> _GIVEN MATERIAL_
------------

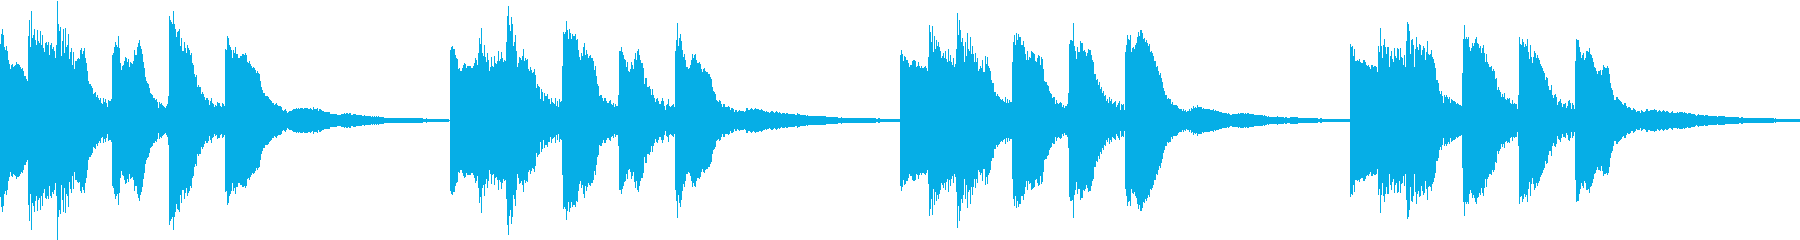 シンプル ベル 着信音 チャイム B-2の再生済みの波形
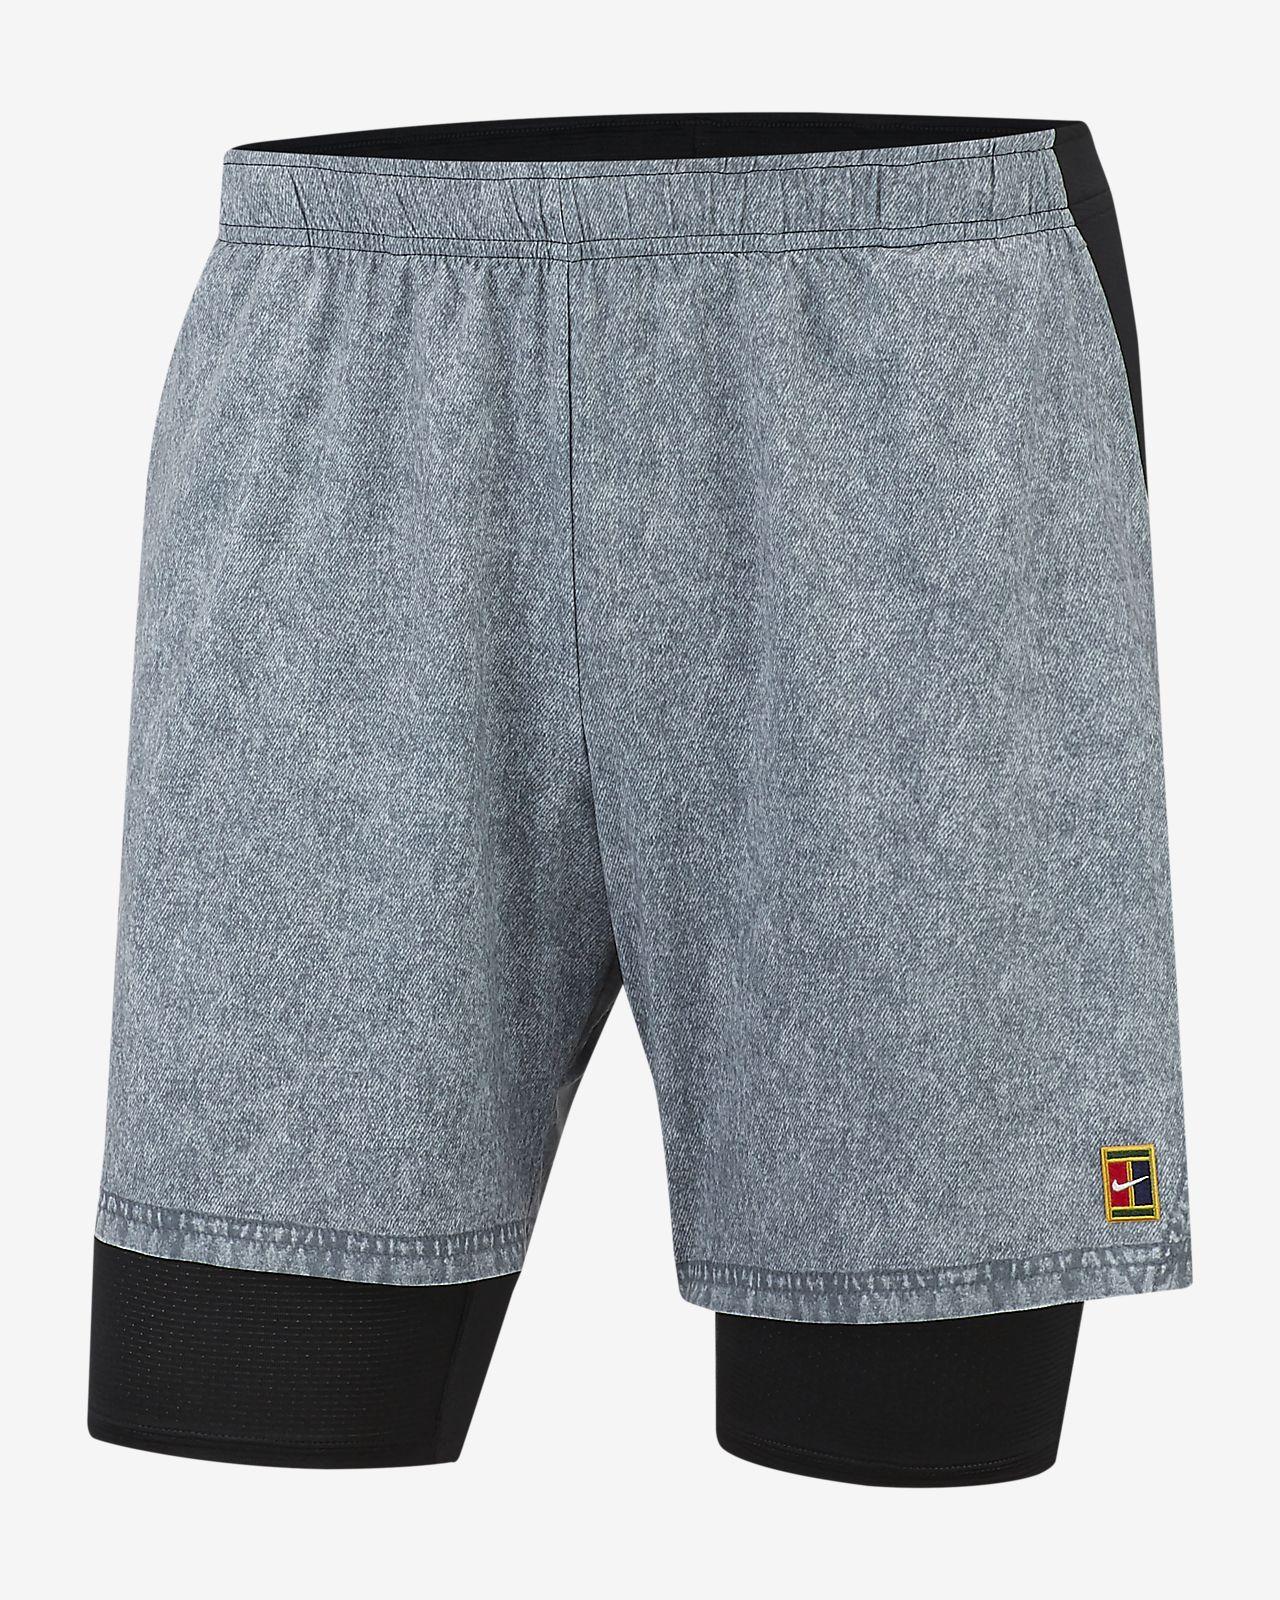 6b2e1113c44 Pánské tenisové kraťasy NikeCourt Flex Ace s potiskem. Nike.com CZ
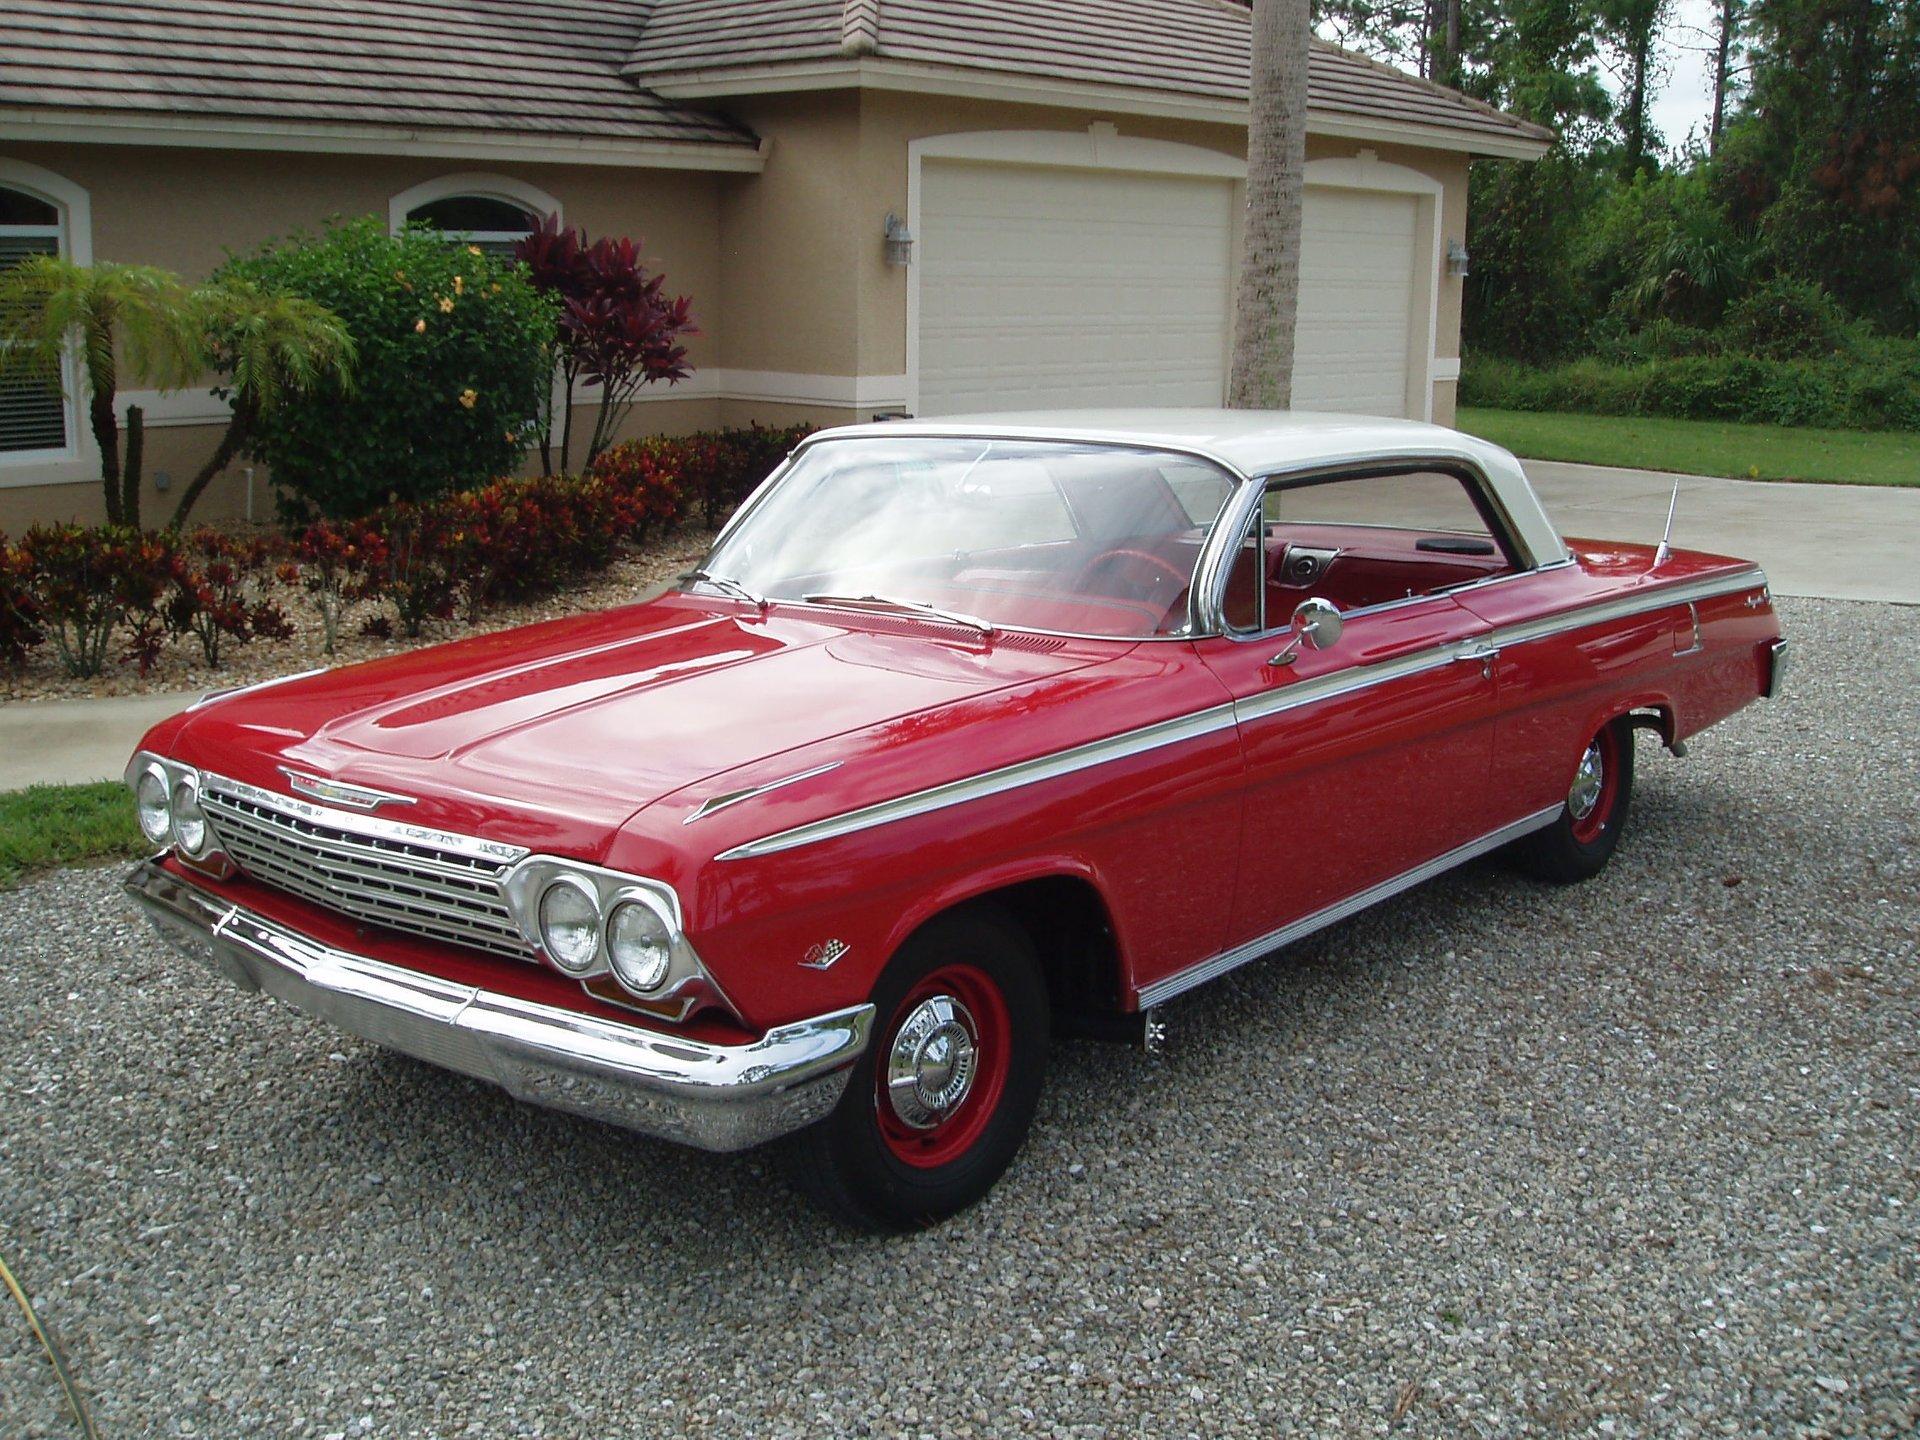 1962 chevrolet impala hardtop
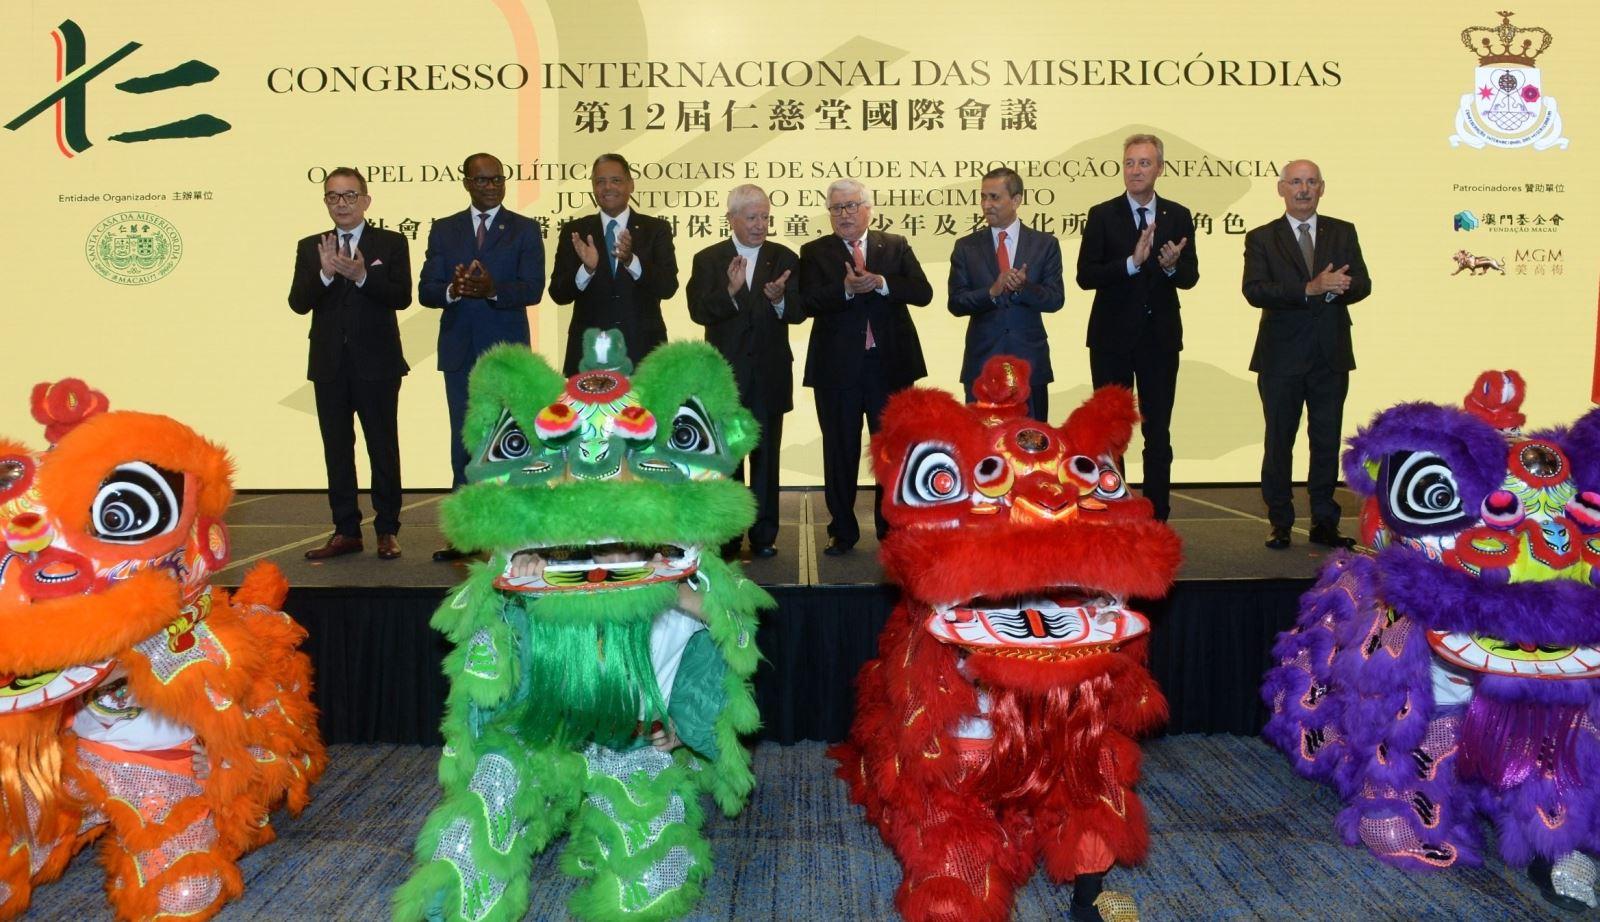 12.º Congresso Internacional das Misericórdias e 450 anos Santa Casa de Macau

------------

> _GOAL OF THE EXERCISE_
Print out the material verbatim, skipping pictures.

> _RESPONSE_
 シンプル ベル 着信音 チャイム B-2の再生済みの波形
 6b2e1113c44 Pánské tenisové kraťasy NikeCourt Flex Ace s potiskem. Nike.com CZ
 1962 chevrolet impala hardtop
 12.º Congresso Internacional das Misericórdias e 450 anos Santa Casa de Macau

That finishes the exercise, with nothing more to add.